It can be seen from Figure 9 that the accuracy of the four models will increase as the number of training samples increases. However, as traditional machine learning methods, whether it is SVM or WDCNN, the accuracy rate is disappointing. This is because traditional machine learning methods can only achieve good results when training samples are sufficient. With the increase of training samples, the accuracy rate of WDCNN becomes the lowest. This is because the network structure of WDCNN is too complex and the number of training samples is insufficient, which leads to serious overfitting. As a meta-learning method, the accuracy rate of Pro Net and WPNF has always been maintained at a high level, even in the 1-shot scenario. The classification accuracy rate of WPNF surpassed Pro Net in these four scenarios. The improvement is most obvious in the 1-shot scenario, which is 5.6%. With the increase of training samples, the gap of the two models gradually decreased, respectively 3.53%, 3.29%, 0.94%. This shows that in the few-shot scenario, WPNT is superior to traditional machine learning models or meta-learning methods.

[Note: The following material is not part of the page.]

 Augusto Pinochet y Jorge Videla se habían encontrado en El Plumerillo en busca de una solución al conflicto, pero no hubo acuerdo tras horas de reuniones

4.4.1. Visualization of the Performance of WPNF and Pro Net

In order to compare WPNF and Pro Net more intuitively, we visualized the training results of these two models in some scenarios. Figure 10 is a comparison diagram of the loss value of the two models with different number of samples. Figure 11 is the result of taking out the features extracted from the last hidden layer of the two models during the training phase and the testing phase, and visualizing them using the t-SNE method.

WPNF and Pro Net use the same loss function, so the losses of the two can be compared visually. As can be seen from Figure 10, the loss of WPNF in the test is an order of magnitude lower than that of Pro Net. In the 10-shot scenario, even if the accuracy difference between the two is less than 1%, the difference in their loss is very large, the loss of WPNF is only 14% of Pro Net’s. This shows that no matter which scenario, the performance of WPNF is more stable and reliable.

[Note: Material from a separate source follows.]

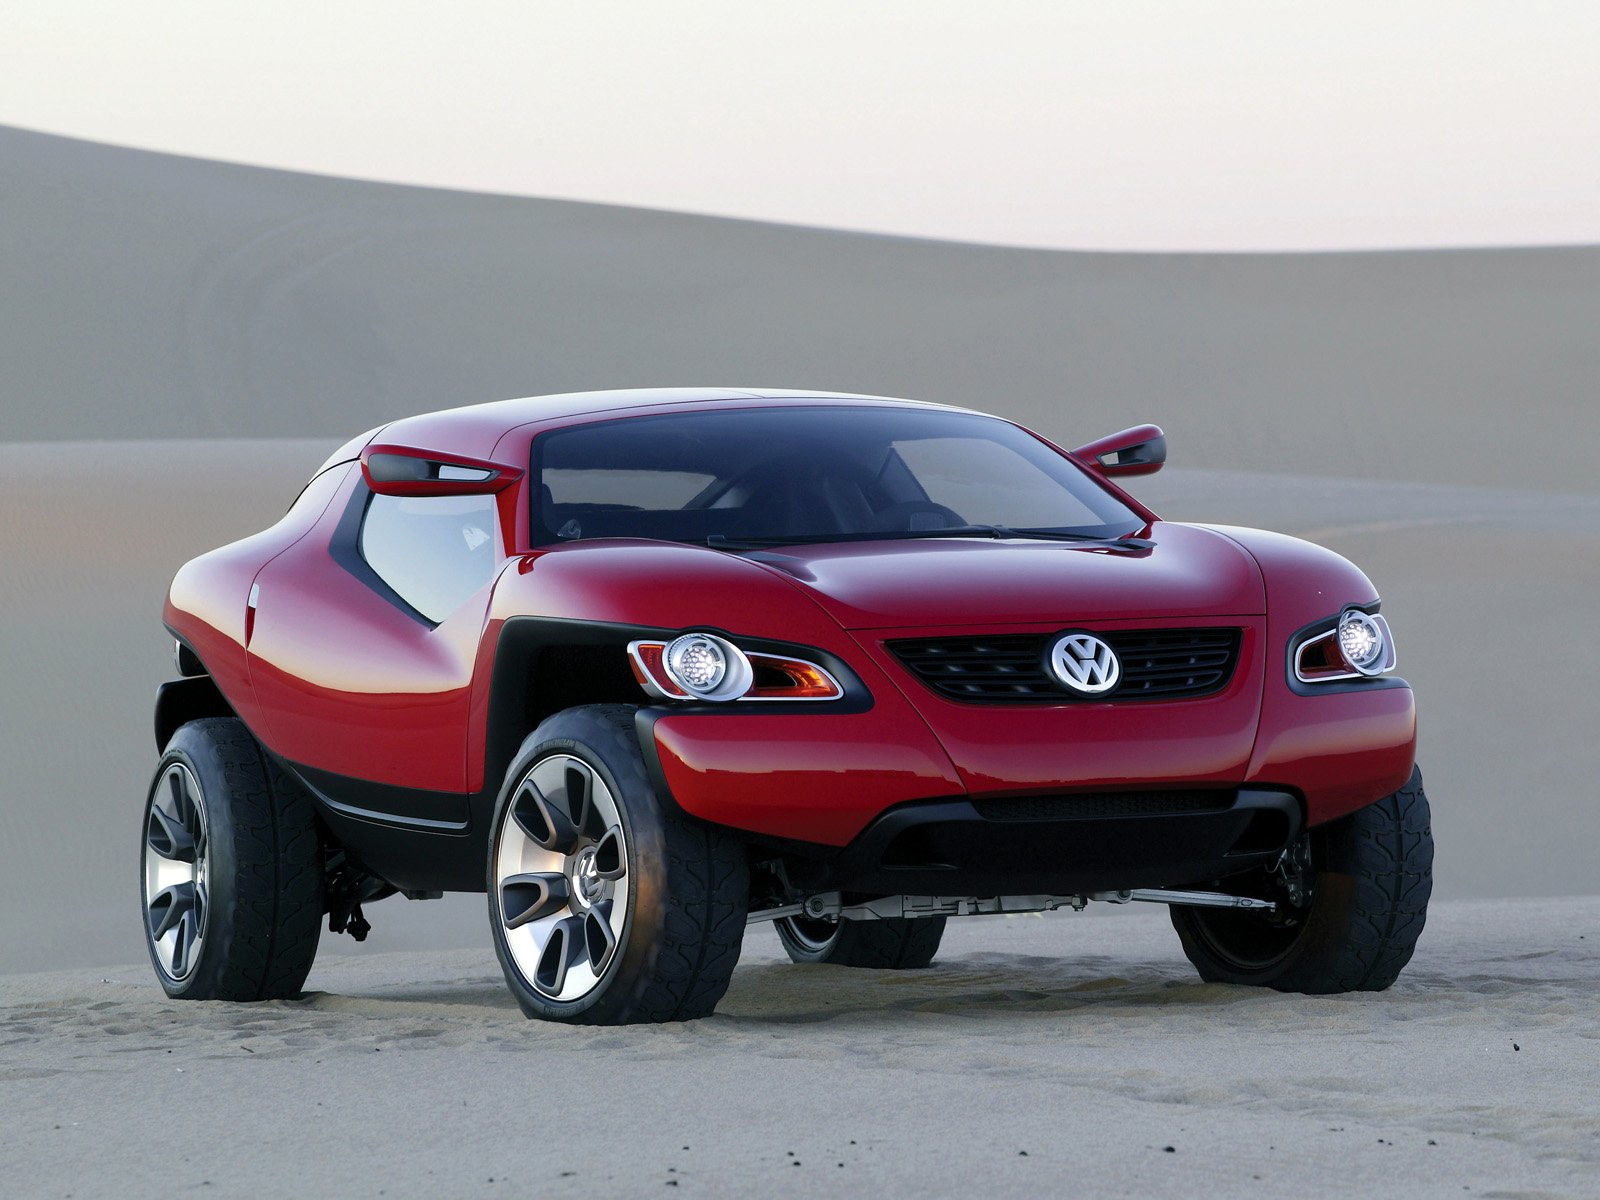 Volkswagen Concept A #10

We use t-SNE (t-distributed stochastic neighbor embedding) [48] to visualize the performance of WPNF and Pro Net on the training set and test set respectively, where the training scenario was 10-way 5-shot and the test scenario was 5-way 5-shot. The result is shown in Figure 11. It can be seen that both WPNF and Pro Net achieved very good results on the training set, but the results of Pro Net on the test set were not satisfactory. Although in this scenario, the accuracy of Pro net on the test set is only 3.29% lower than WPNF, its reliability and generalization ability are far inferior to WPNF.

4.4.2. Comparison of WPNF and Several Other Models

We made the confusion matrix of the several models mentioned in this paper to better compare the stability and reliability of these models. In order to increase the credibility of the results, we repeated the experiments for each model. For Pro net and WPNF, we randomly selected four episodes during the test phase and made the corresponding confusion matrix. For SVM and WDCNN, the experiment was repeated four times, and the confusion matrix of the four test results was made.

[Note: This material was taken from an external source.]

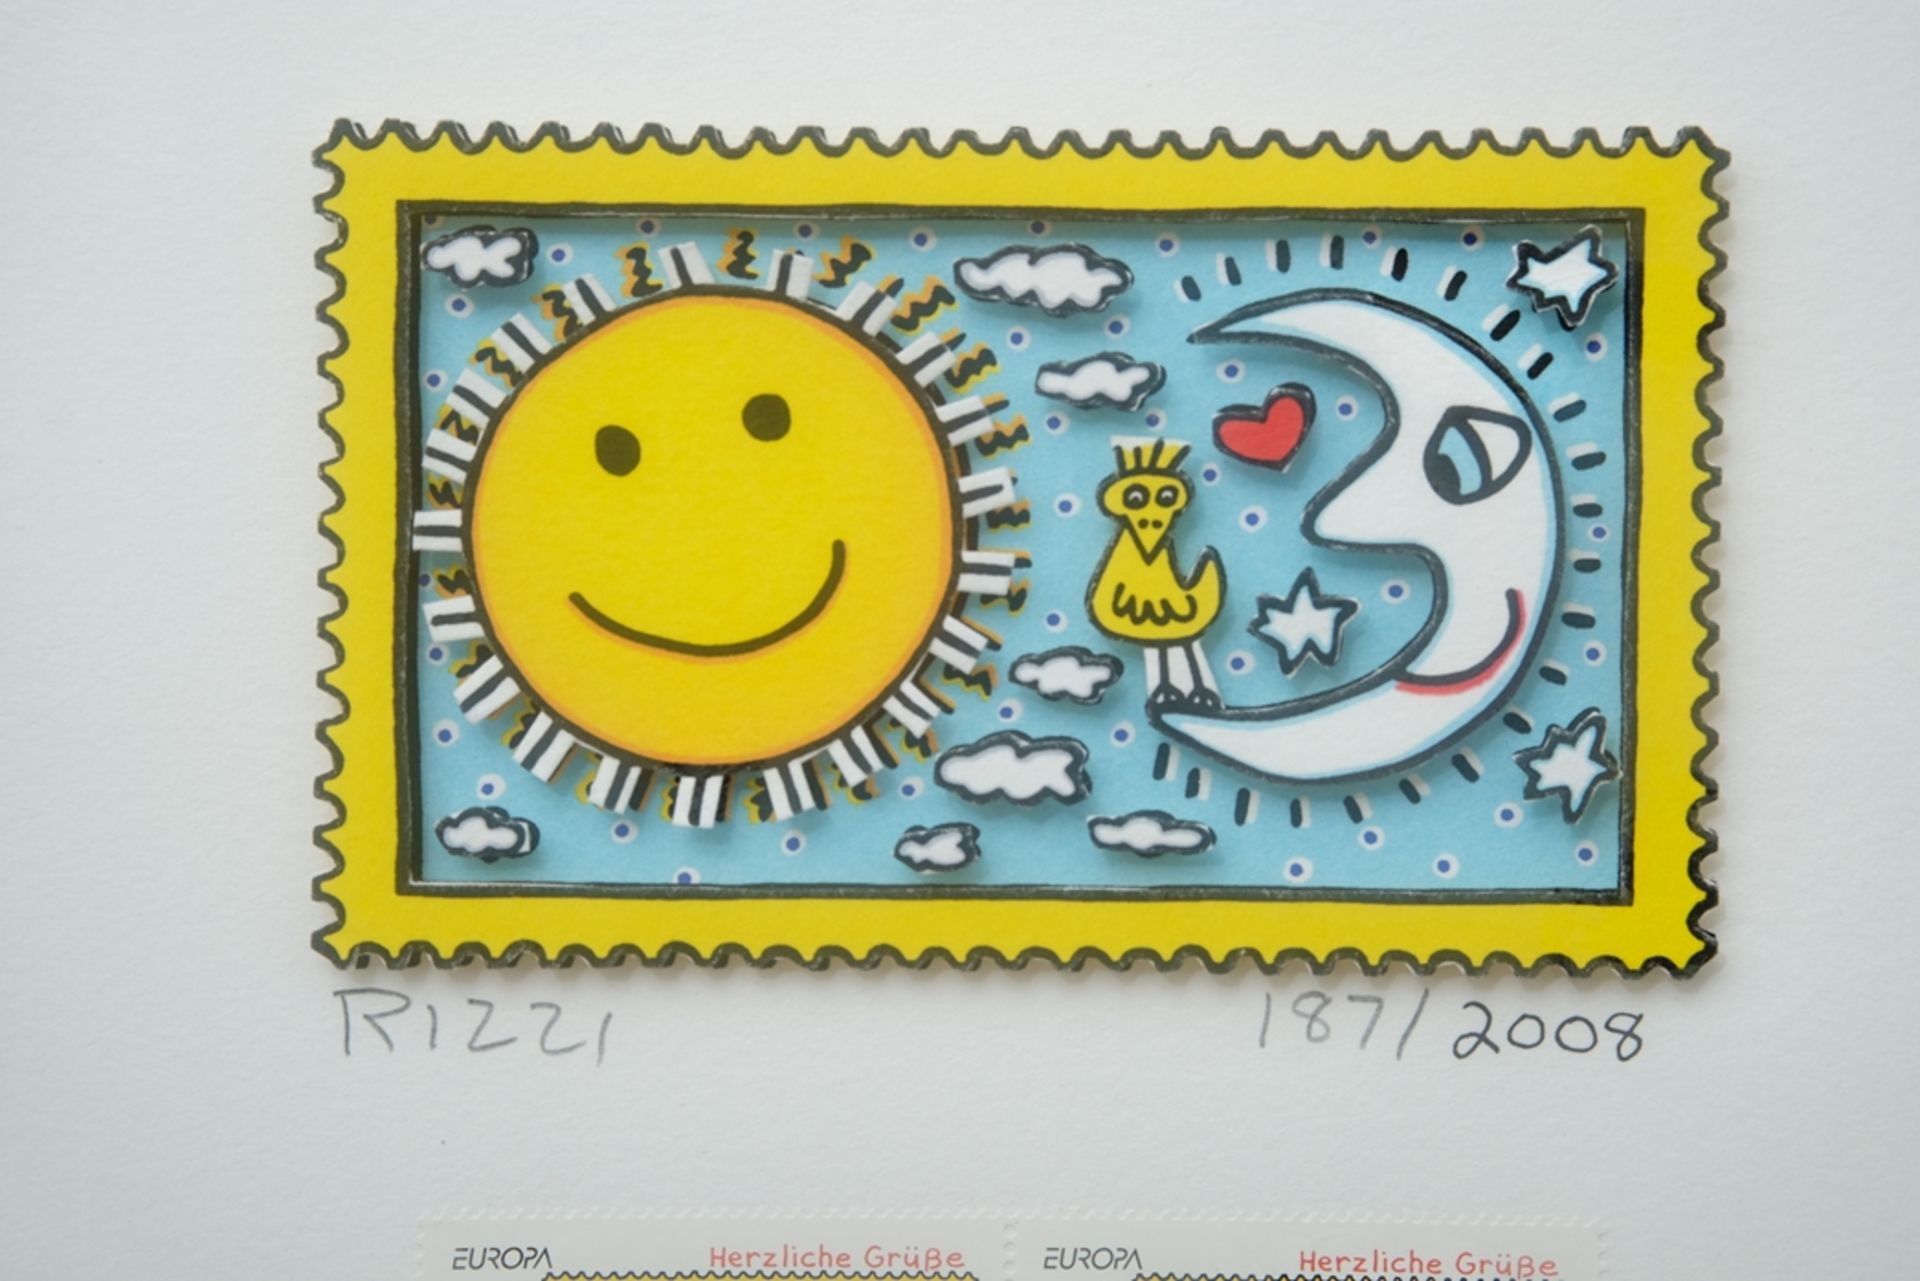 Rizzi, James (1950-2011) "Herzliche Grüße - Sonne und Mond", Briefmarken Sonderedition 2008. 3D-Gra - Bild 2 aus 5

The confusion matrix of the above four models in the 5-way 5-shot scenario is shown in Figure 12. It is not difficult to see that although SVM has certain learning ability, the upper limit of classification effect is low, and WDCNN almost loses its classification ability in the few-shot scenario. This is because the model structure of WDCNN is very complicated, and there are too many parameters to be trained. In the case of insufficient sample size, it cannot give full play to its advantages, and serious overfitting occurs. The results of WDCNN are almost random. In contrast, Pro net and WPNF both have good stability. This shows that the model based on meta-learning can indeed learn the ability of learning, not just limited to a certain classification task, and the performance of Pro net is more stable than WPNF and less error-prone.

5. Discussion

The failure of rotating equipment can bring huge losses to a business. Therefore, the method of condition monitoring for rotating machinery is particularly important. At present, there are mainly three methods for intelligent fault detection: acoustic analysis, vibration analysis, and thermal images analysis. Among them, acoustic analysis and vibration analysis are relatively similar, because both sound signals and vibration signals are one-dimensional signals, and during manual analysis, both of them need to obtain the frequency spectrum of the signal through FFT and find the characteristic frequency of the corresponding fault for further analysis. Both can also be used to directly train an end-to-end one-dimensional neural network without any preprocessing. In contrast, vibration signals have less noise, so the accuracy rate is higher than acoustic signal analysis. But the acquisition of acoustic signals is less difficult, because the acoustic sensor does not need to be glued to the machine, so portability is better than that of an acceleration sensor. Thermal images analysis requires a thermal camera to obtain two-dimensional thermal pictures. For manual analysis, thermal images are more intuitive than acoustic signals and vibration signals, and it is easier to locate machine faults. The data volume of thermal images is relatively large, usually 640×480 pixels, and one sample of a one-dimensional acoustic signal or vibration signal usually has 1024 or 2048 points. Therefore, when the structure of the neural network is more complex and the number of samples used to train the neural network is sufficient, thermal images analysis can achieve a high accuracy rate, but it is difficult to collect enough samples for each type of fault in practical applications.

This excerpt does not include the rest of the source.